#### Data for processing:
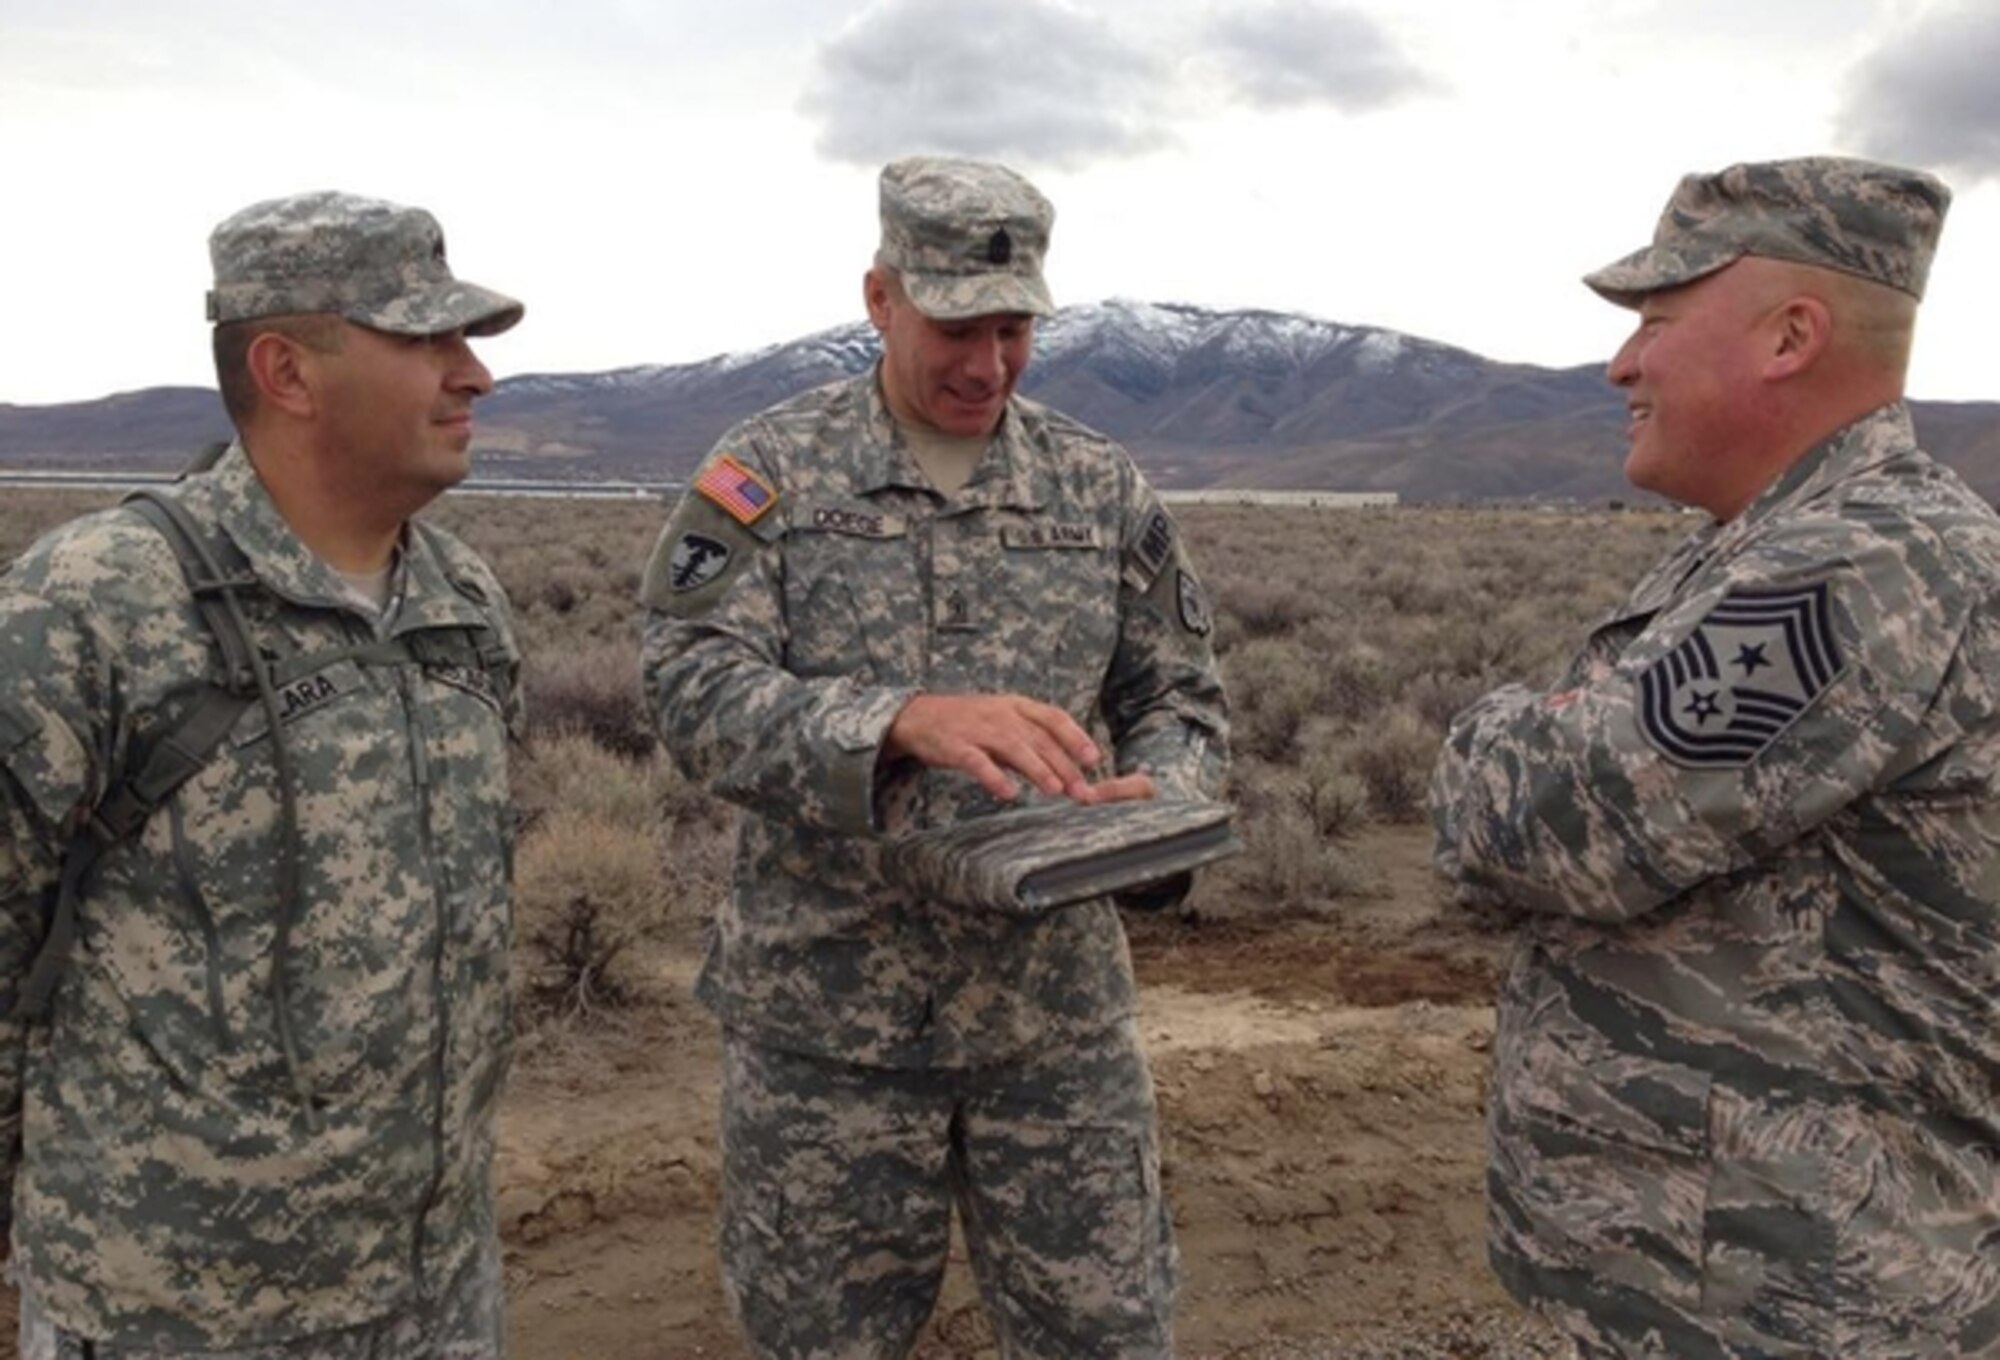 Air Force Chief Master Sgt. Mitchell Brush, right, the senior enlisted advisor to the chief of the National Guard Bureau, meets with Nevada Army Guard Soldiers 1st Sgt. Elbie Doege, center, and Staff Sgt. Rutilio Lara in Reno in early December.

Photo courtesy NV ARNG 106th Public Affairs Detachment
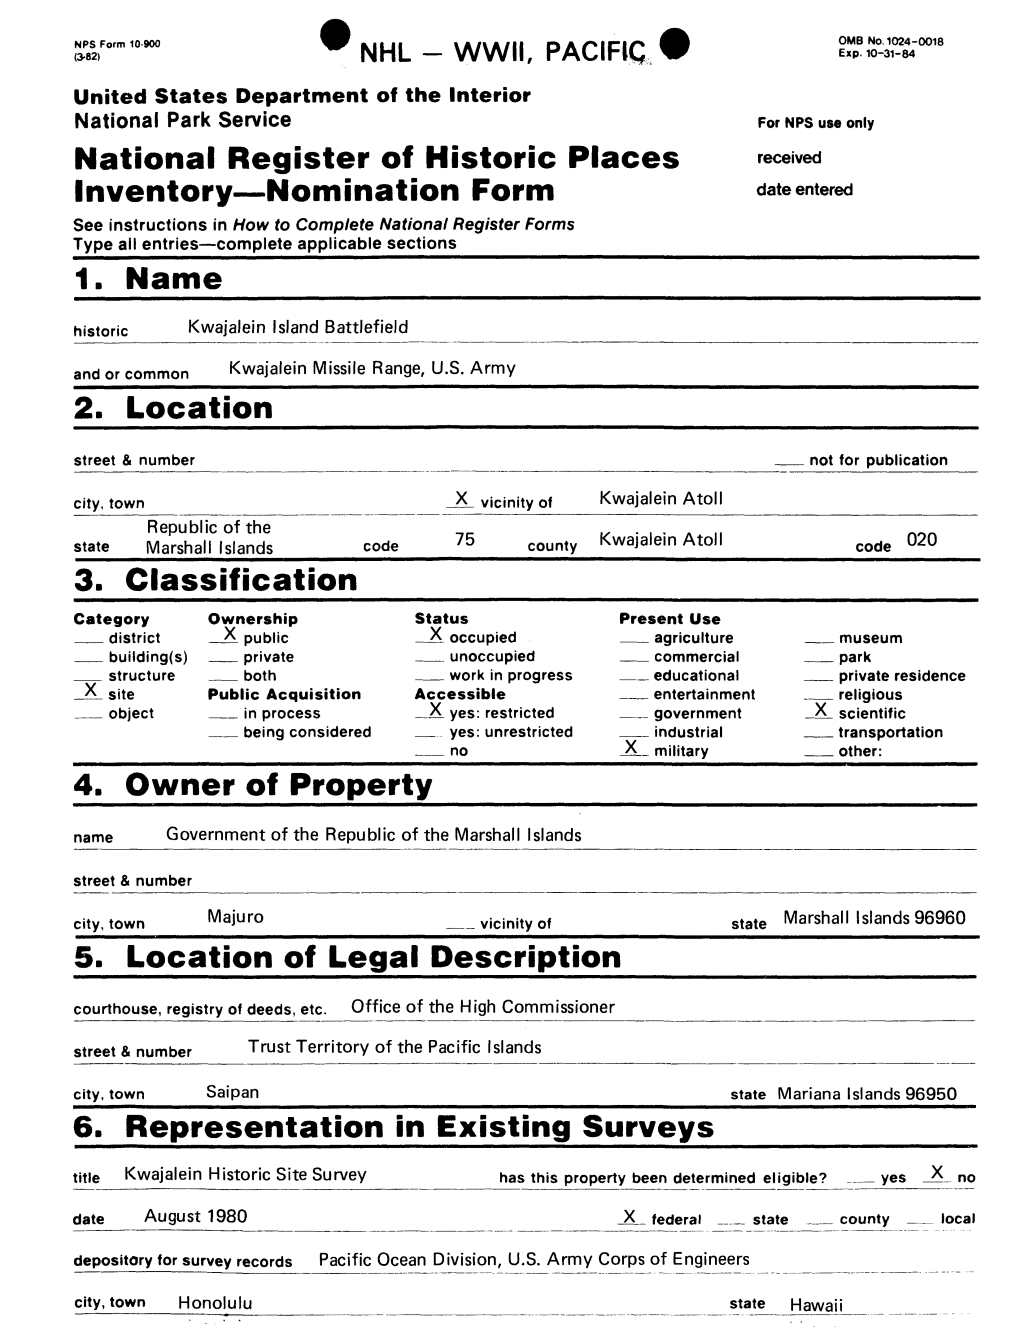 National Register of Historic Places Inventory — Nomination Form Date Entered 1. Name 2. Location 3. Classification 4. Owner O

---

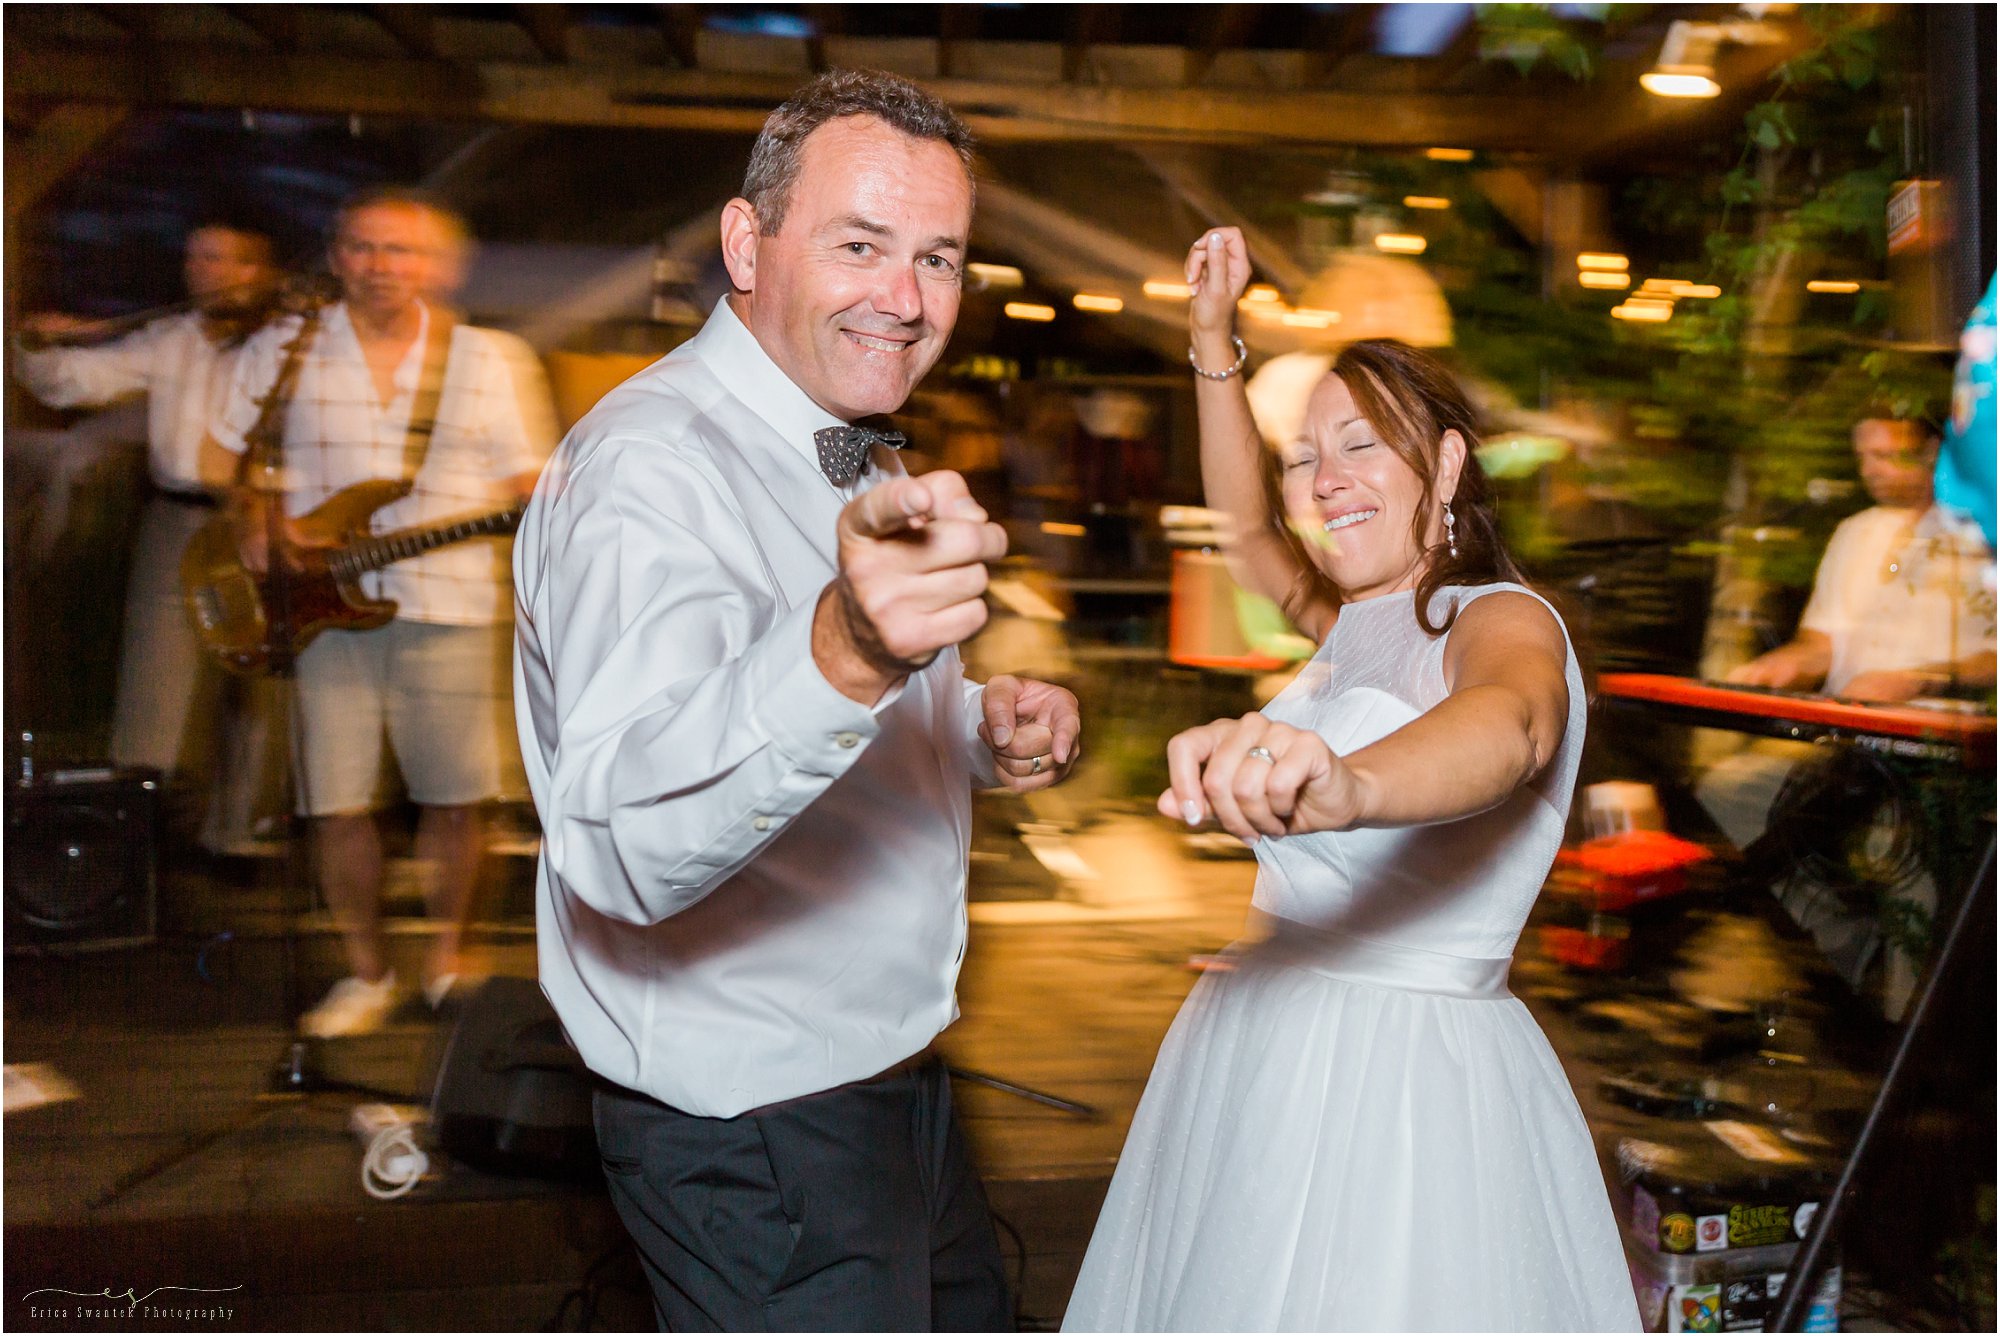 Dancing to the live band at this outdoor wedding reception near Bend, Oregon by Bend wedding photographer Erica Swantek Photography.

#### Your objective:
Within these entries, output exactly the lines starting at the one with "Photo courtesy NV" and finishing at the one with "National Register of". Leave pictures out of the output.

#### Solution to the exercise:
Photo courtesy NV ARNG 106th Public Affairs Detachment
 National Register of Historic Places Inventory — Nomination Form Date Entered 1. Name 2. Location 3. Classification 4. Owner O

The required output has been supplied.